I gulped in the cooling air, thankful the night held a breeze that blew toward my window. The stench wouldn't last much longer. Satisfied that my efforts would pay off for the night, I readied myself for sleep and changed into my night clothes.
Hours later, a noise outside the window woke me. Groaning, I threw my legs over the edge of the bed. If a storm was on its way, then I needed to shut the window. This could hamper my plans. Clouds lit up erratically but no bolts of light. Dry lightning. That always preceded a storm. Voices, indistinct, drew my attention from the sky.
Elder Howard stood outside on the road, speaking to the weasel-faced man. I dropped to the floor, so my head was beneath the windowsill, fearing to be seen. The cool breeze blew the hair at the top of my head, and I shivered, no longer in the cocoon of the bed.
The storm neared, and the moisture in the air was unmistakable but no rumblings, yet. Would I be able to leave in the morning? Leaving before the storm would mean the storm could wipe away any evidence someone could track, but I'd have to find somewhere to hide while the storm passed. That could be twenty minutes or several hours.
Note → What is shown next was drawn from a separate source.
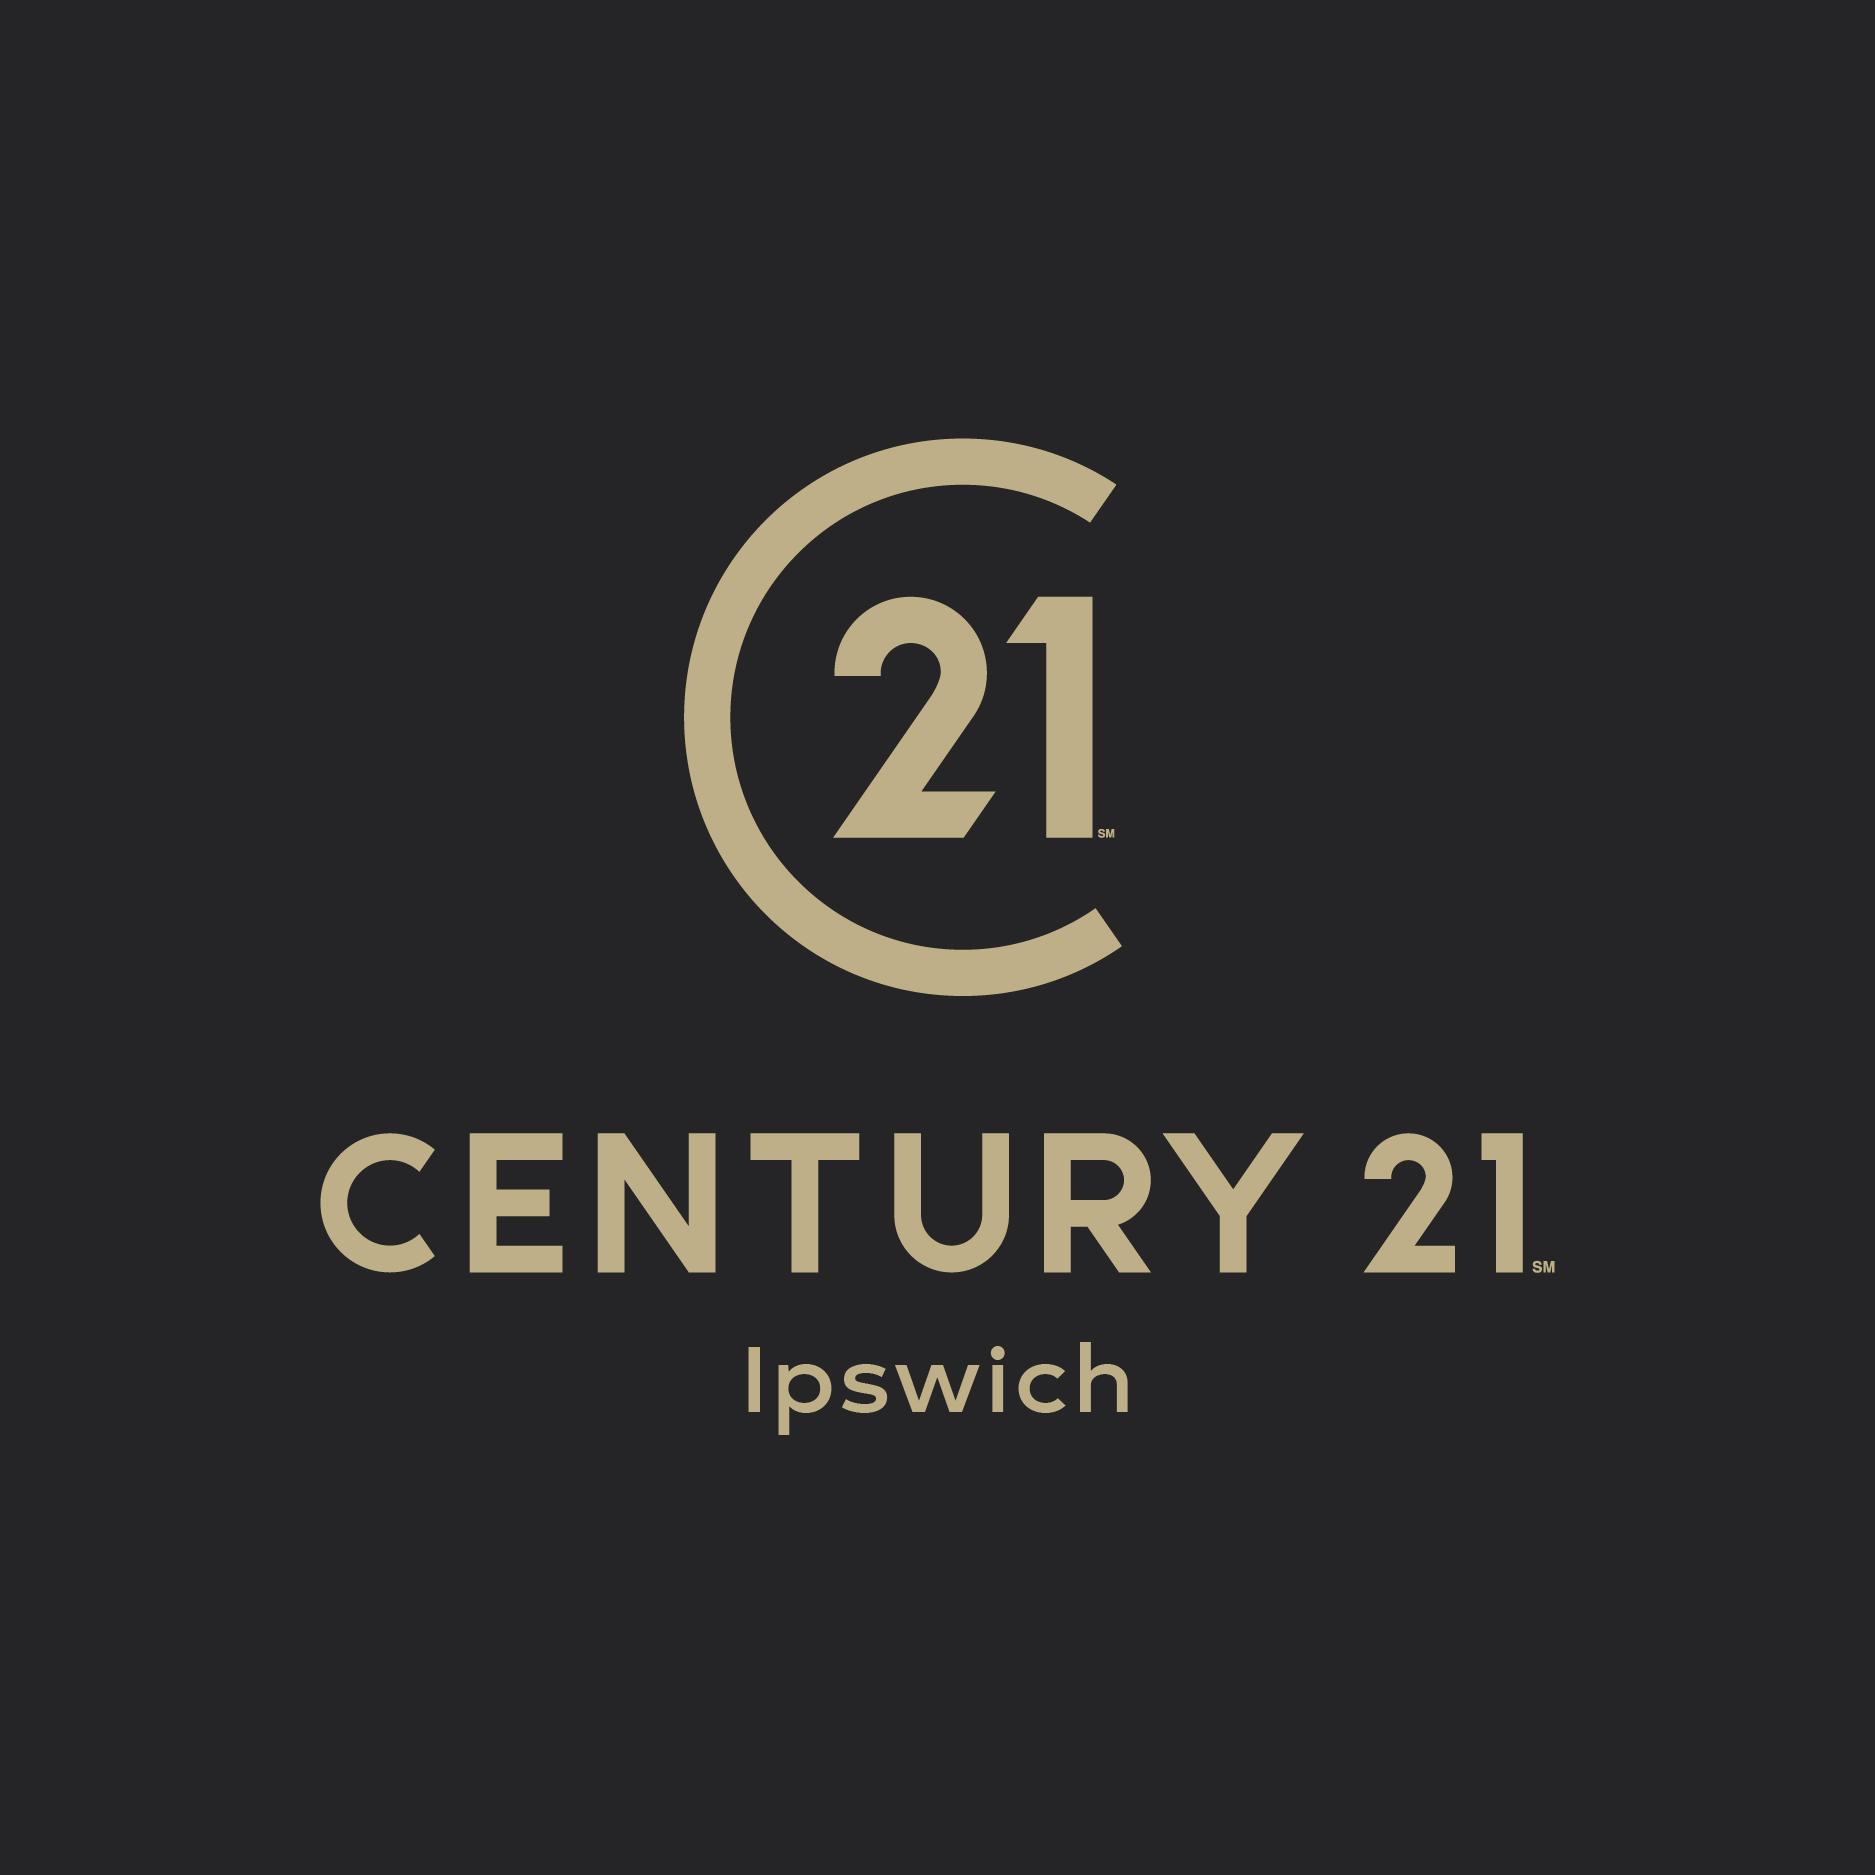 Century 21 - Ipswich

I nibbled at my nails, thinking as the breeze carried the Elder's voice to my room.
"I'm not interested in your excuses anymore, Gene." His fury was clear. I didn't need to see it to know.
"There's only ever supposed to be one at a time. It's part of why the rules are the way they are. She obviously ignored the rules." A new voice. It must belong to weasel-face, and it sounded as weasely as expected, all nasal and scratching.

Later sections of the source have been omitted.